I would give MIRI at least a decade or two before evaluating whether their work had any mainstream traction.
MIRI stated goals are similar to those of mainstream AI research, and MIRI approach in particular includes as subgoals the goals of research fields such as model checking and automated theorem proving.
Do you claim that MIRI is one or two decades ahead of mainstream researchers?
If the answer is no, then how does MIRI (or MIRI donors) evaluate now whether these lines of work are valuable towards advancing their stated goals?
MIRI stated goals are similar to those of mainstream AI research, and MIRI approach in particular includes as subgoals the goals of research fields such as model checking and automated theorem proving.

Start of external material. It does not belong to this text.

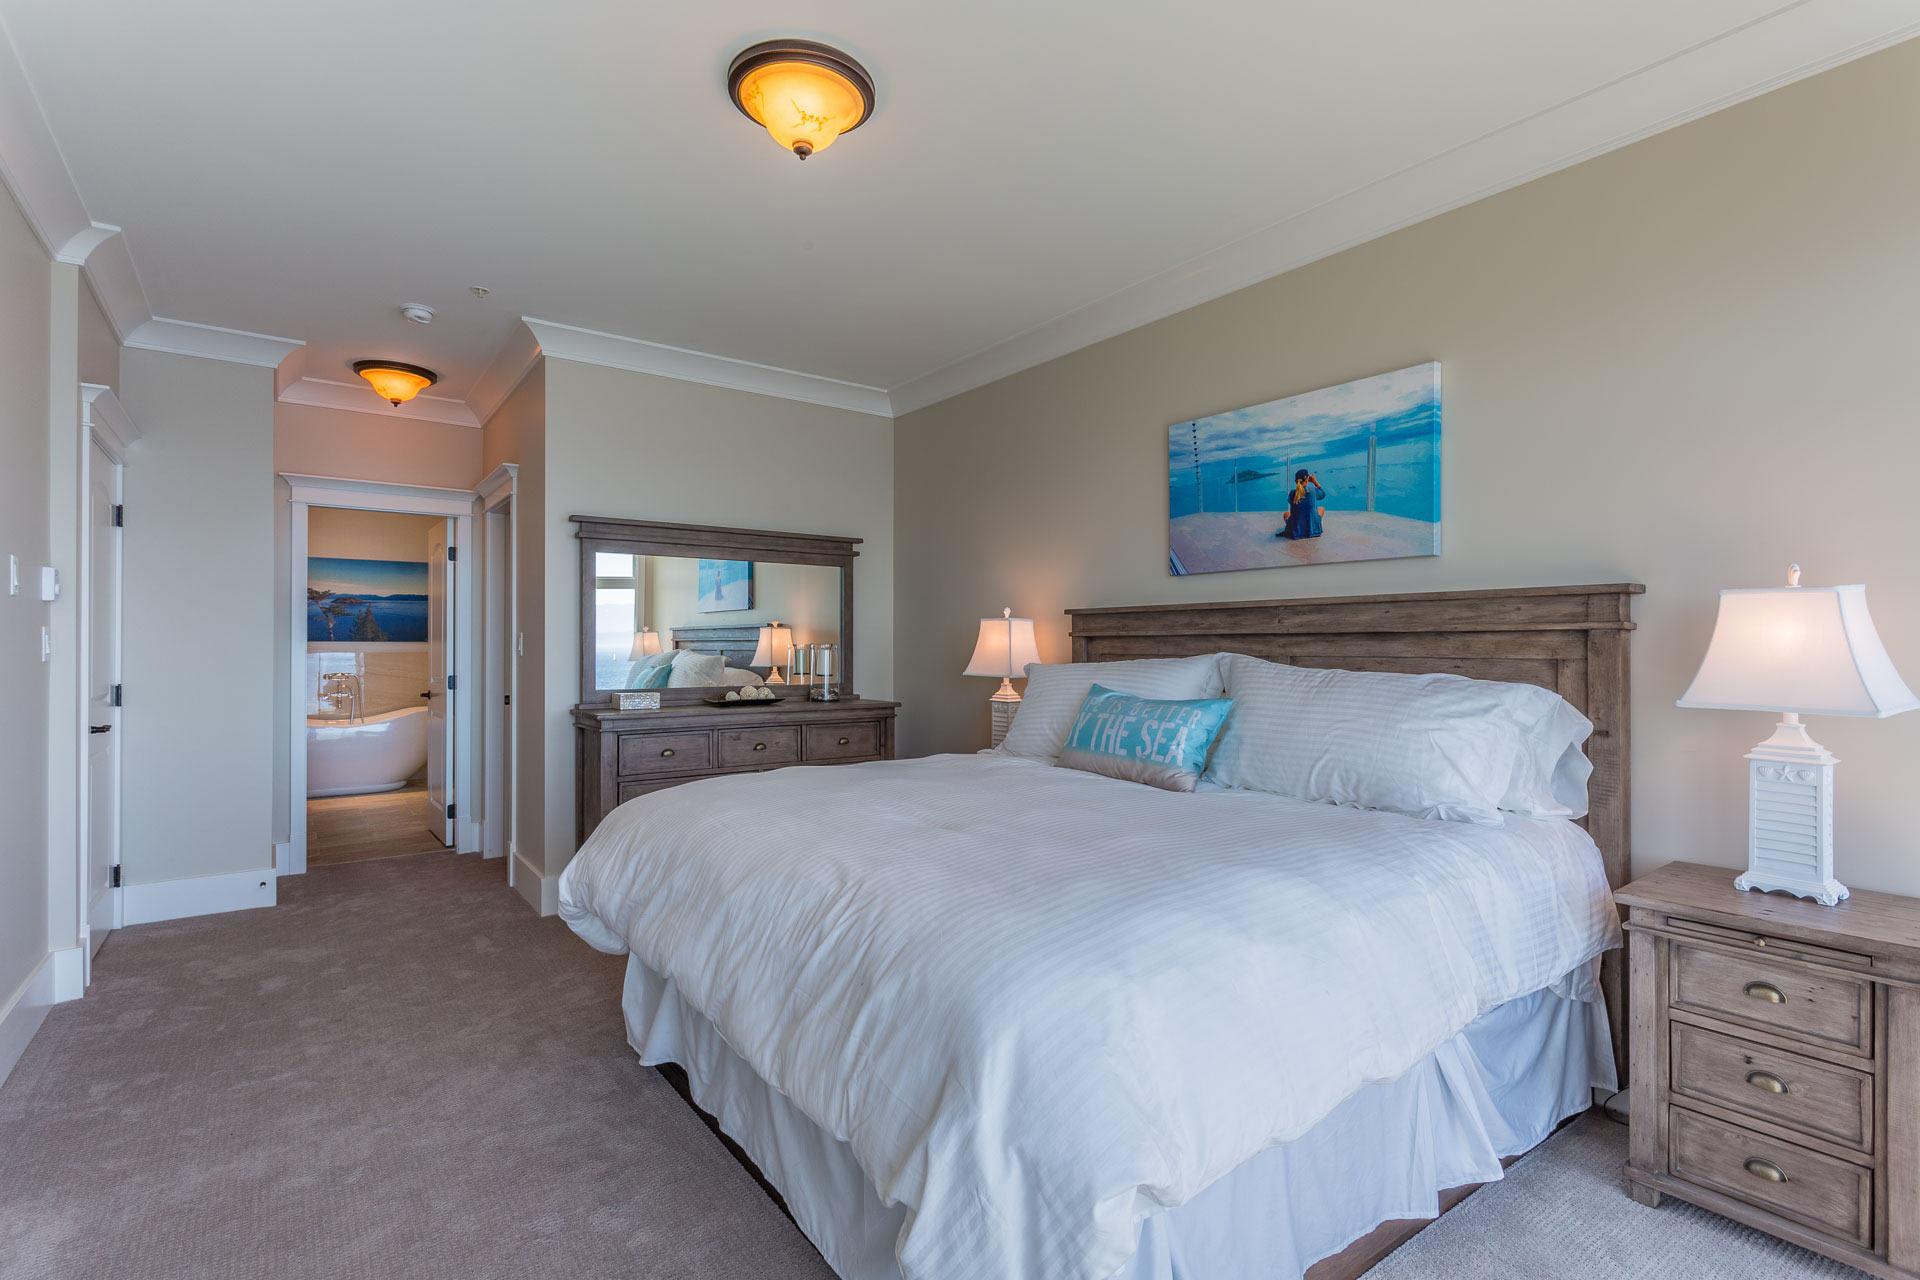 sooke point ocean cottage resort accomodation 1 bedroom cottage
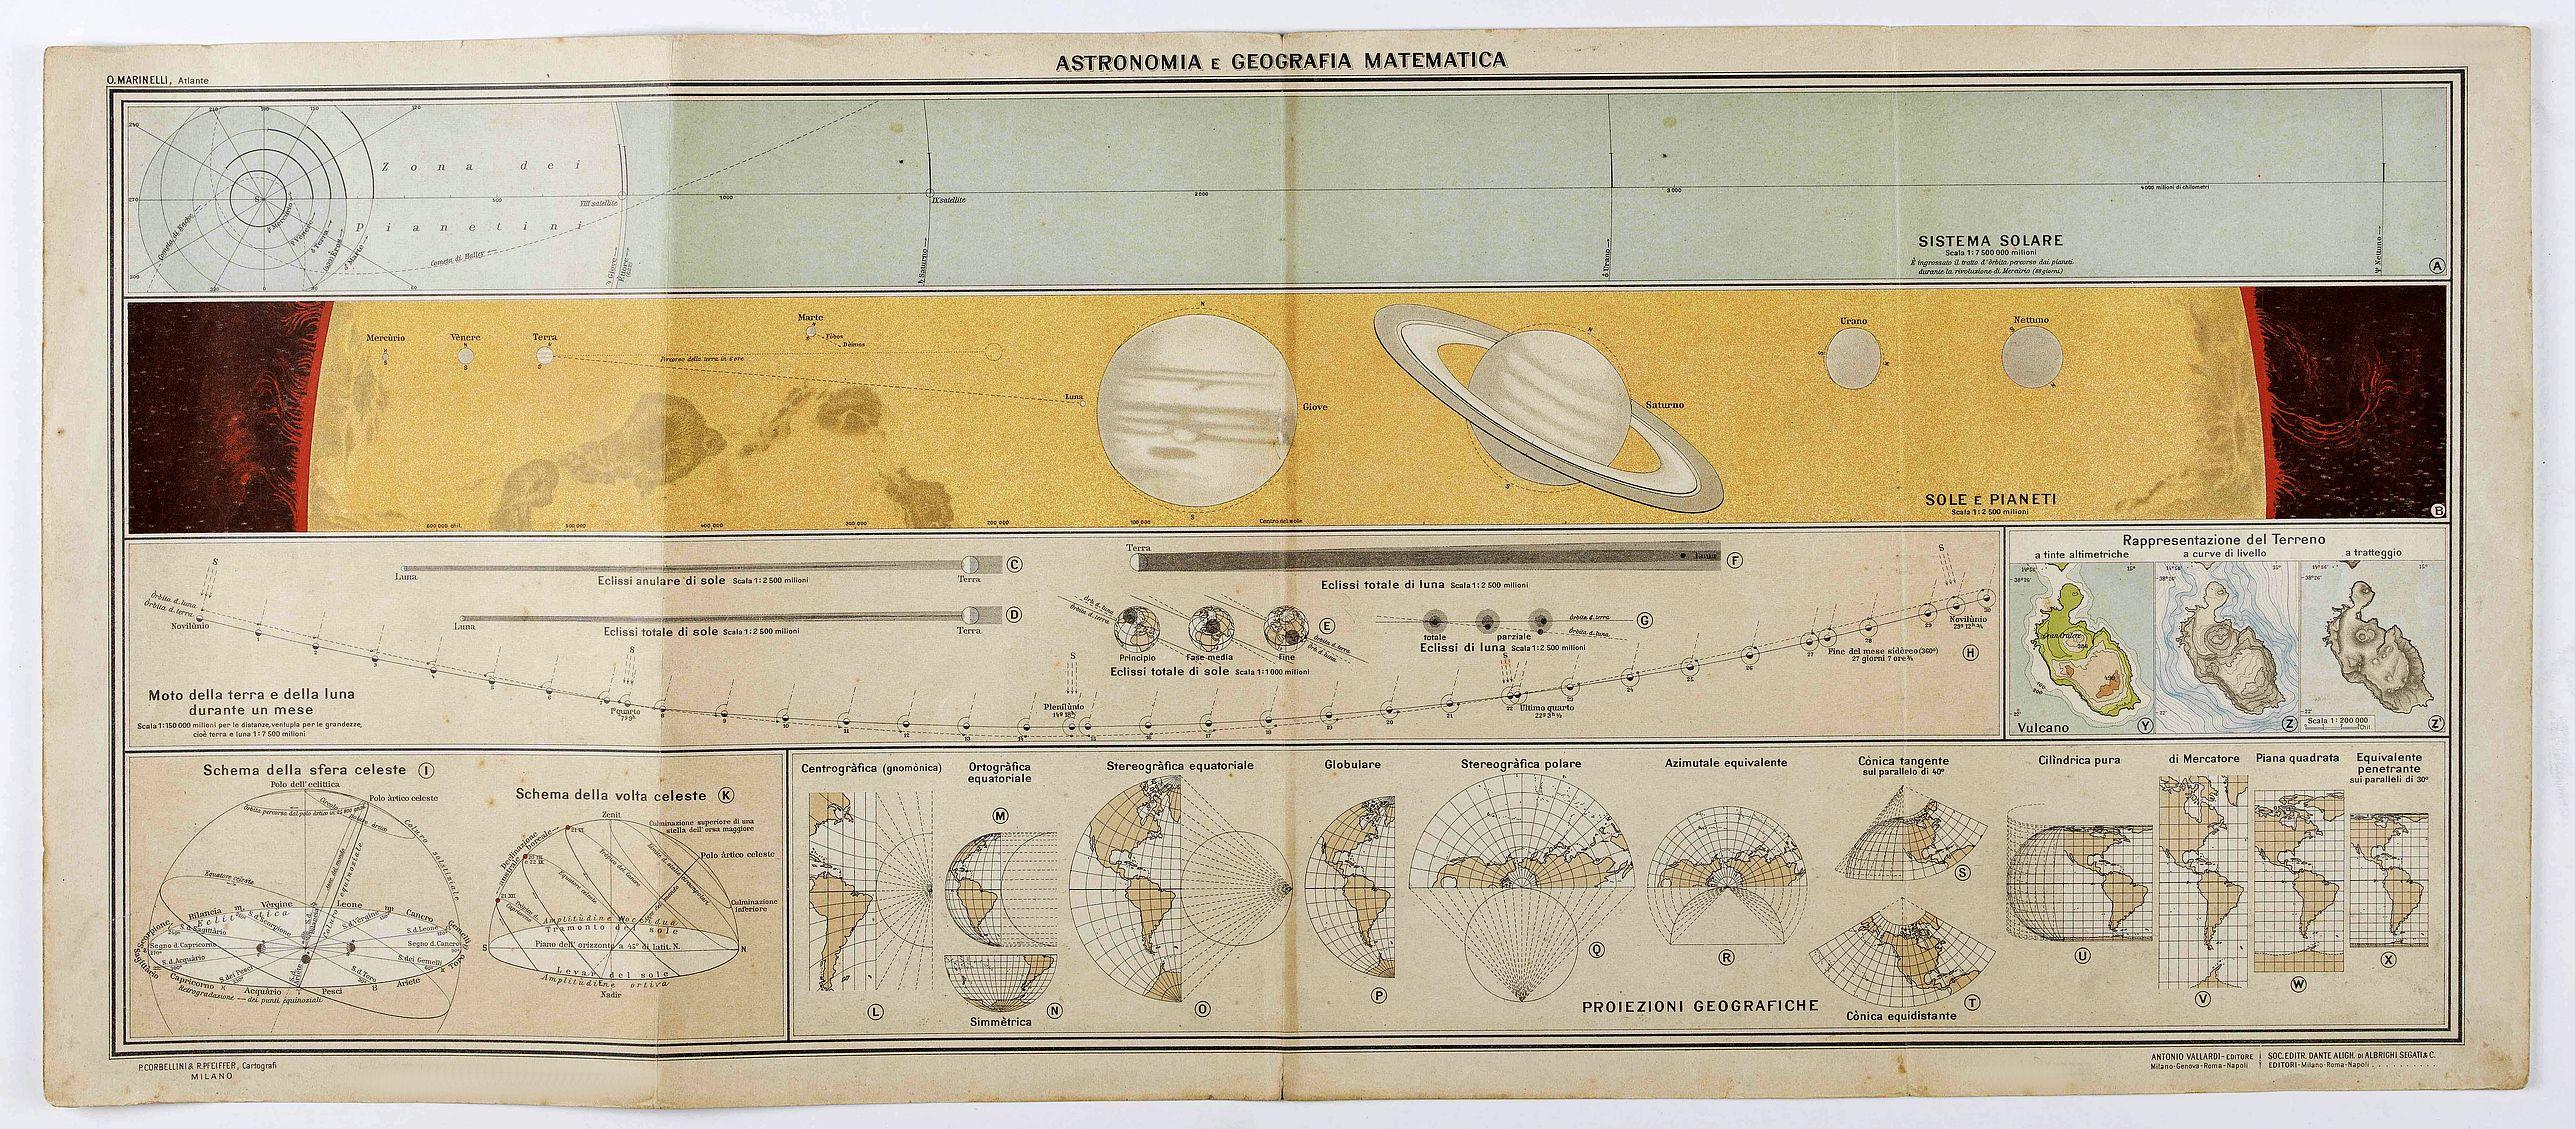 VALLARDI, A. - Astronomia e Geografia Matematica

Research has both ultimate goals (“machines that think”) and short-term goals (“machines that can parse spoken English”). My impression is that the MIRI agenda is relevant to the ultimate goal of AI research, but has only limited overlap with the things people are really working on in the short term. I haven’t seen MIRI work that looked directly relevant to existing work on theorem proving or model checking. (I don’t know much about automated theorem proving, but do know a bit about model checking.)
Do you claim that MIRI is one or two decades ahead of mainstream researchers?
It’s not a matter of “ahead”. Any research area is typically a bunch of separate tracks that proceed separately and eventually merge together or have interconnections. It might be several decades before the MIRI/self modifying AI track merges with the main line of AI or CS research. That’s not necessarily a sign anything is wrong. It took decades of improvement before formal verification or theorem proving become part of the computer science toolkit. I would consider MIRI a success if it follows a similar trajectory.
If the answer is no, then how does MIRI (or MIRI donors) evaluate now whether these lines of work are valuable towards advancing their stated goals?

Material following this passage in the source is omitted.